Assignment:
Pictures are not part of the copy; reproduce the remaining data exactly.

The data:
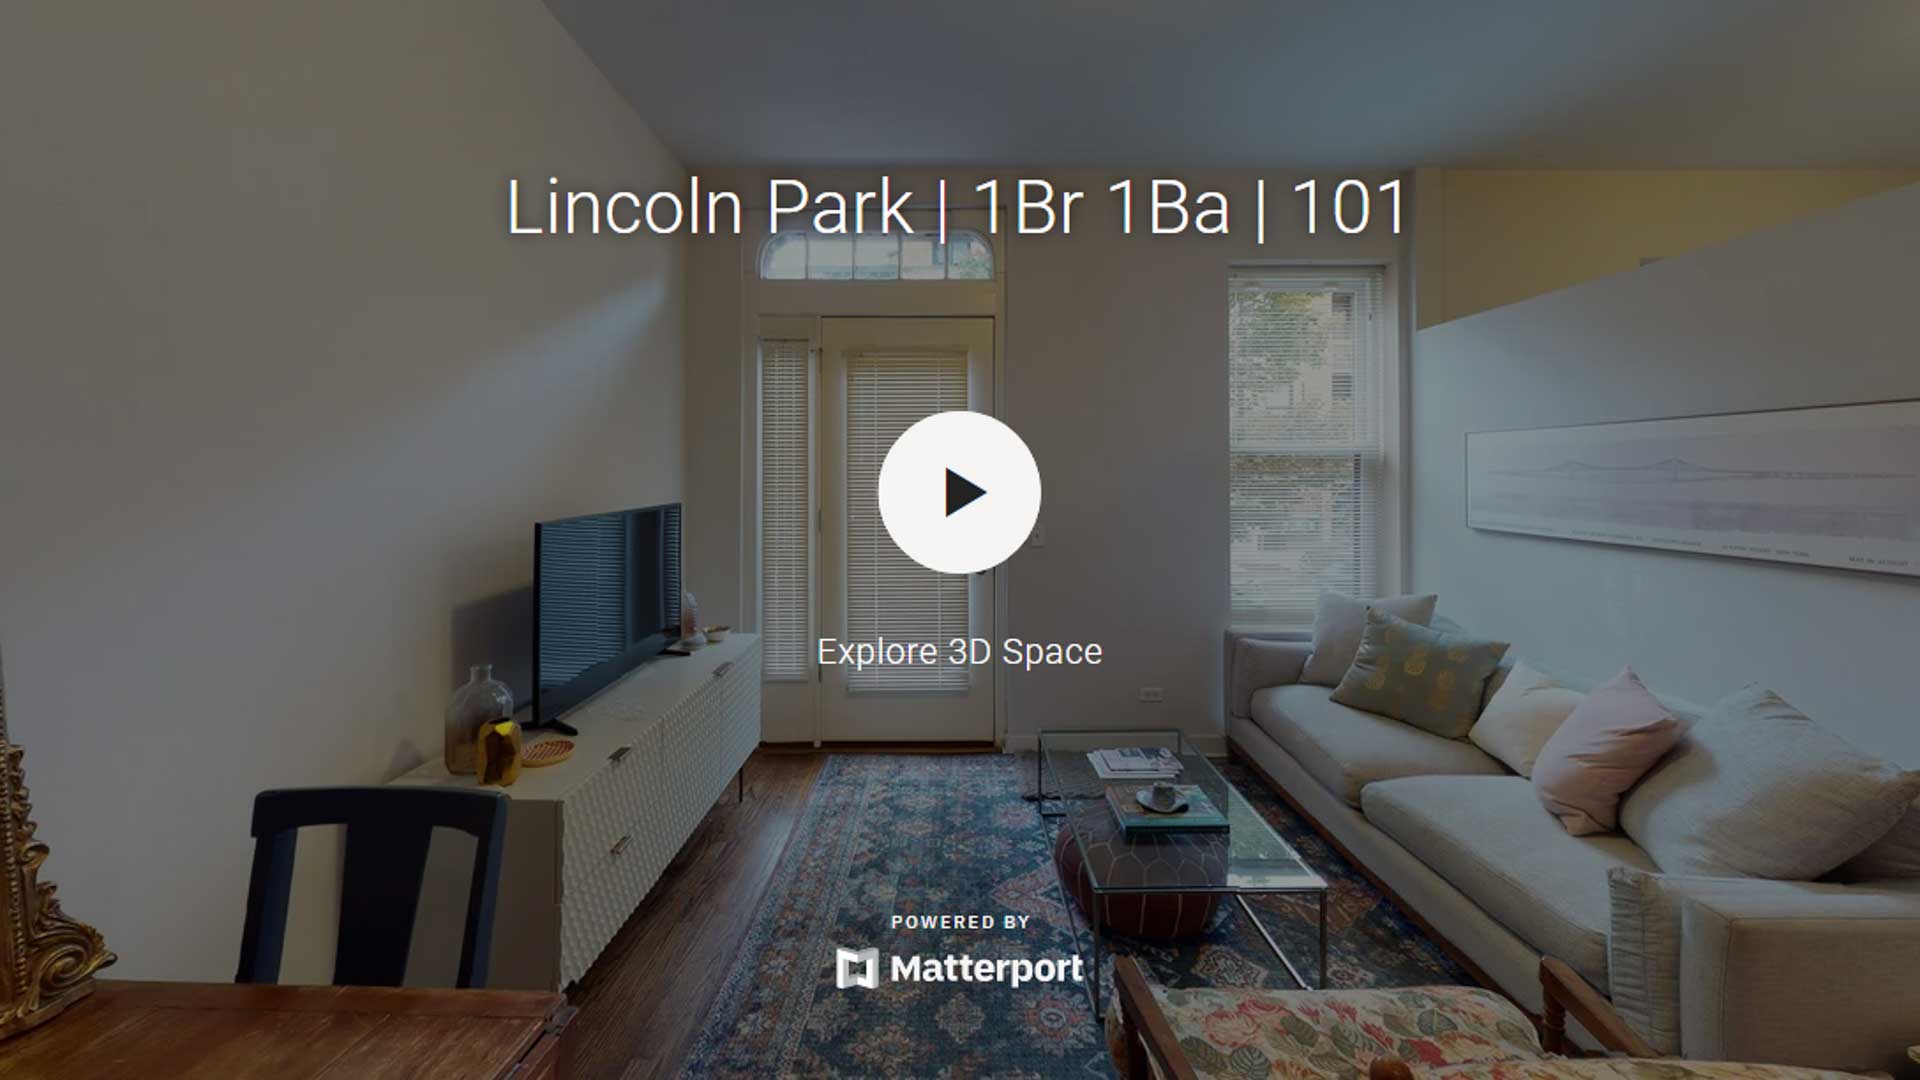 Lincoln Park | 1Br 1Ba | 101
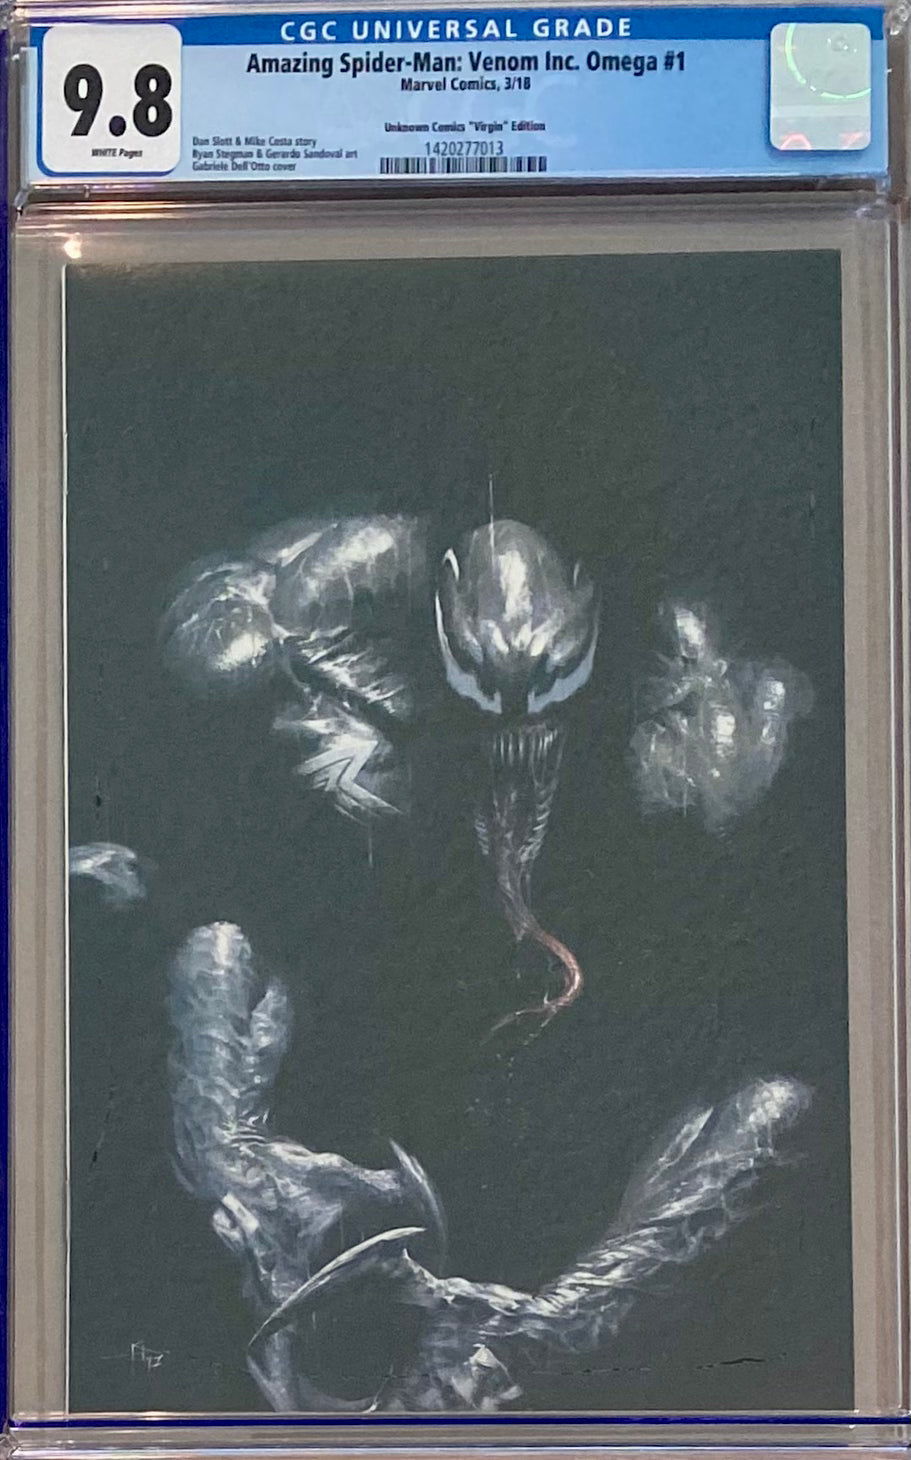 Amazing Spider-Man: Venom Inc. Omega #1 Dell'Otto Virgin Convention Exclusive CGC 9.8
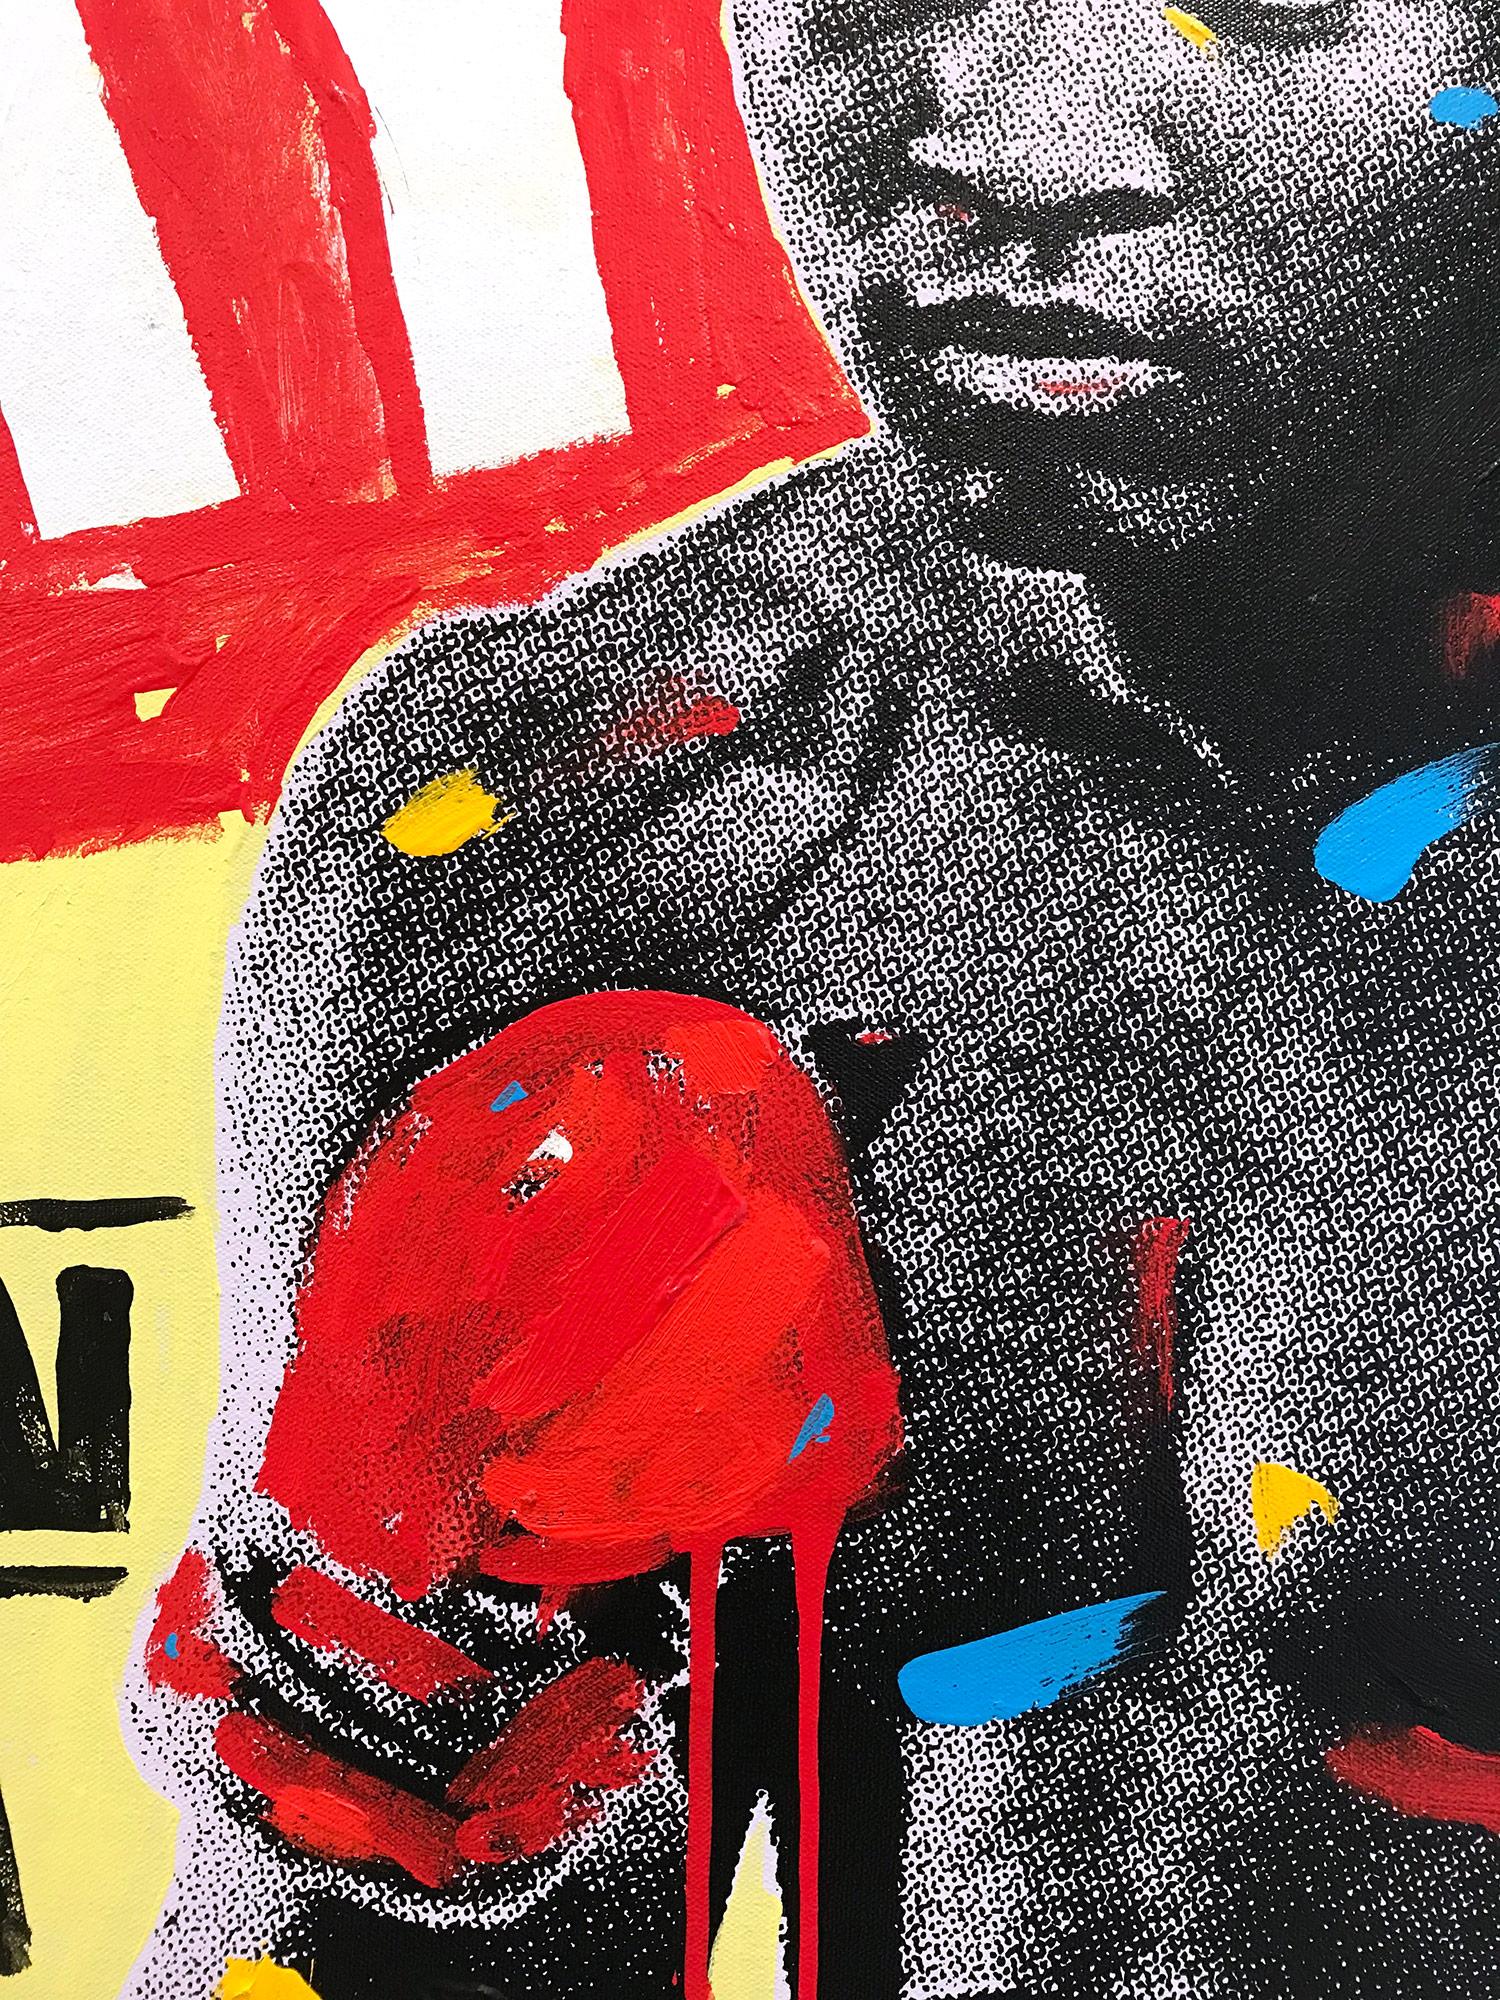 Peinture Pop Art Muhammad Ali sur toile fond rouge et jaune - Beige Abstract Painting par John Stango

Solution:
 Lincoln Park | 1Br 1Ba | 101
 Amazing Spider-Man: Venom Inc. Omega #1 Dell'Otto Virgin Convention Exclusive CGC 9.8
 Peinture Pop Art Muhammad Ali sur toile fond rouge et jaune - Beige Abstract Painting par John Stango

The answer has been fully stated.